The concept of a file is fairly intuitive, but as with all things programming, intuition is not enough. Let us briefly explore exactly what a file is. Microsoft has served, as always, to confuse and obfuscate the concept of a file. A file is interchangeably called a document, a file, a song, a movie, a spreadsheet, etc... It is important to understand that the multiple names used in common parlance for a file are in fact references to the use to which that file is put, rather than the idea of what a file actually is. So what is a file? Simply put, a file is an ordered collection of data associated with a name and location by a filesystem on a particular device. The device might be a hard drive, a flash disk, a CD-ROM, or even your cellphone. The same file may be used for many different things, e.g. I can read my .mp3 file as text. It makes very little sense, but it is possible. Alternatively, one could attempt to play the contents of a large spreadsheet through one's sound card. Again, it won't make much sense, in fact it'll just sound like a burst of static, but it is possible.

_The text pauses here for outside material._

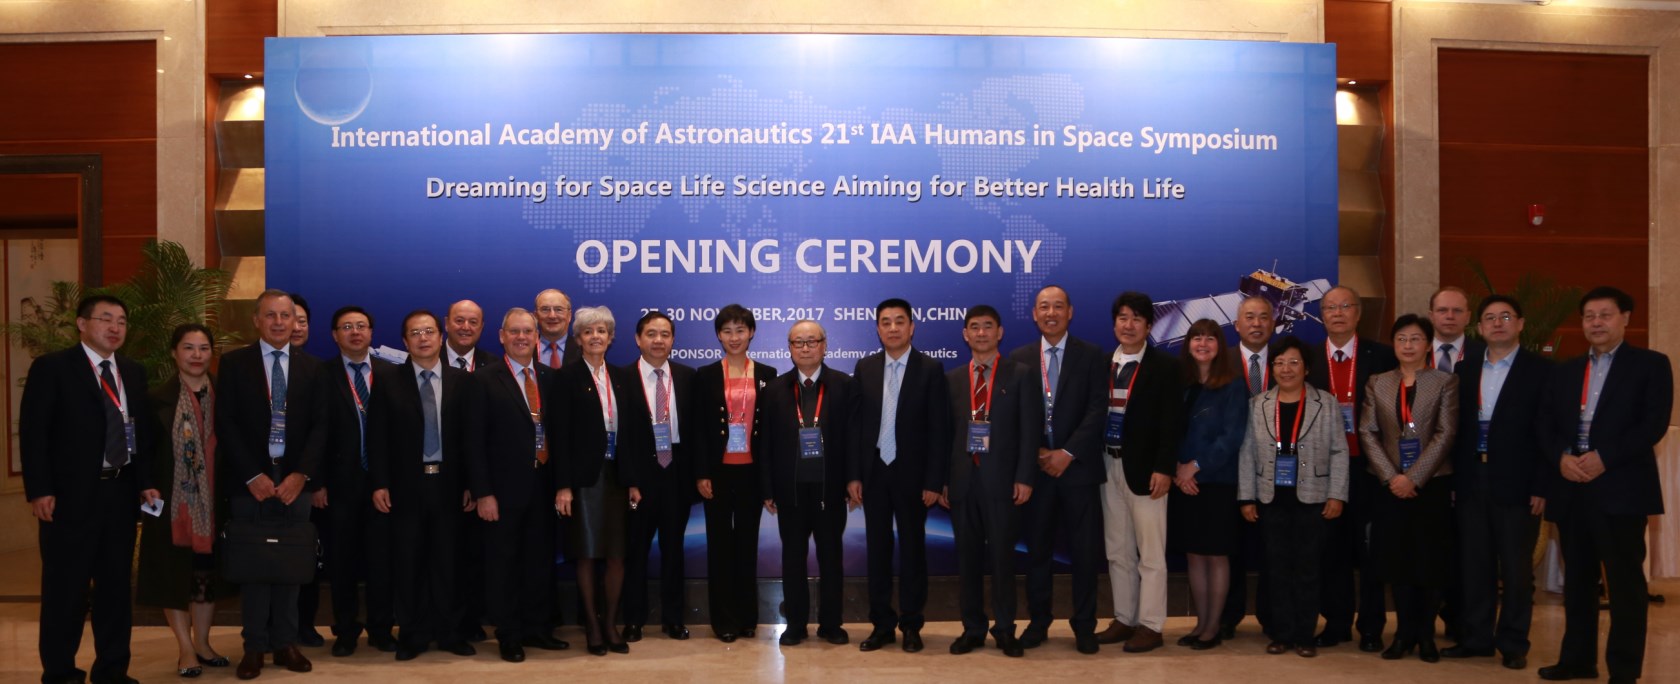 21st IAA Humans in Space Symposium, 27-30 November 2017, Shenzhen, China
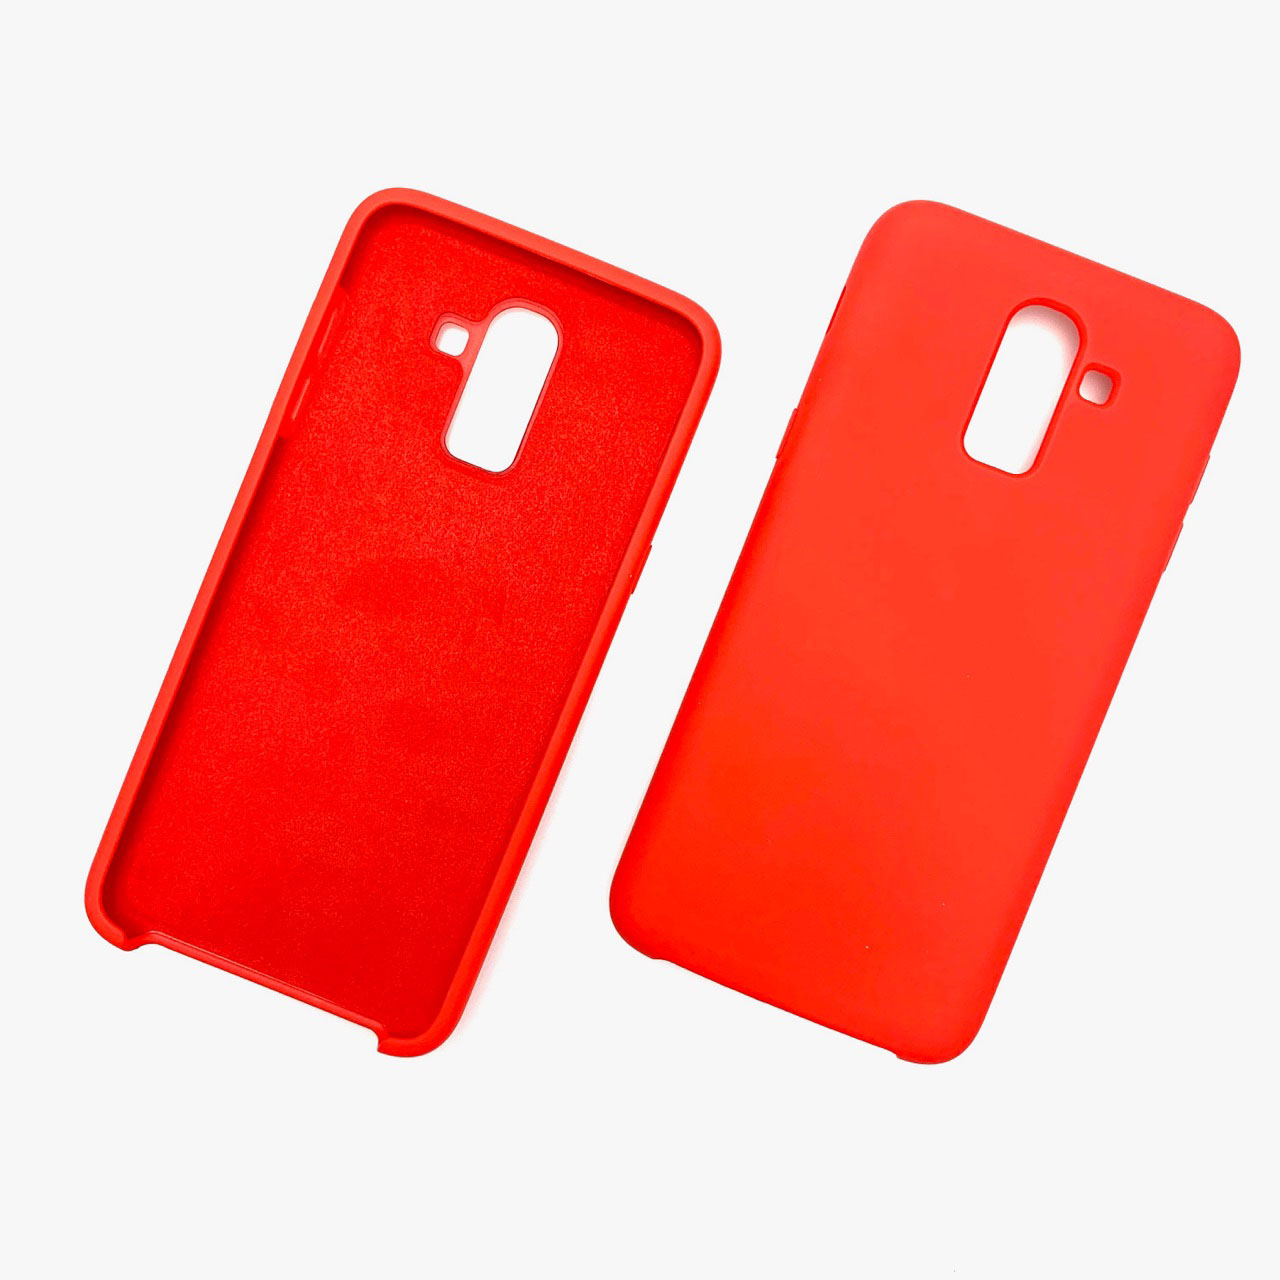 Чехол накладка Silicon Cover для SAMSUNG Galaxy J8 (SM-J800F), силикон, бархат, цвет красный.

Another concept that the GUI's of the 90's onwards have eroded significantly is the idea of the filesystem. Viewed on a physical storage device, we encounter a number of problems dealing directly with files. Firstly, a single file need not be stored in a single contiguous area; it can be fragmented. Secondly, there's no apparent structure or order to where files are stored relative to one another. Your word processing documents might be stored right next to, or even intermeshed with, files belonging to the operating system, your music collection, or your applications. Clearly we need a way of imposing a logical structure onto a collection of files. So we introduce a method of grouping arbitrary files together, namely the directory, which you may know of as a folder. Generally, any file can be put into any directory, but cannot exist in multiple directories at once. Thus we have given files a location. However, directories can also contain other directories, introducing a hierarchical structure of files within directories, within other directories, within ... oh hell. Where does it end? It does end, or rather it starts somewhere!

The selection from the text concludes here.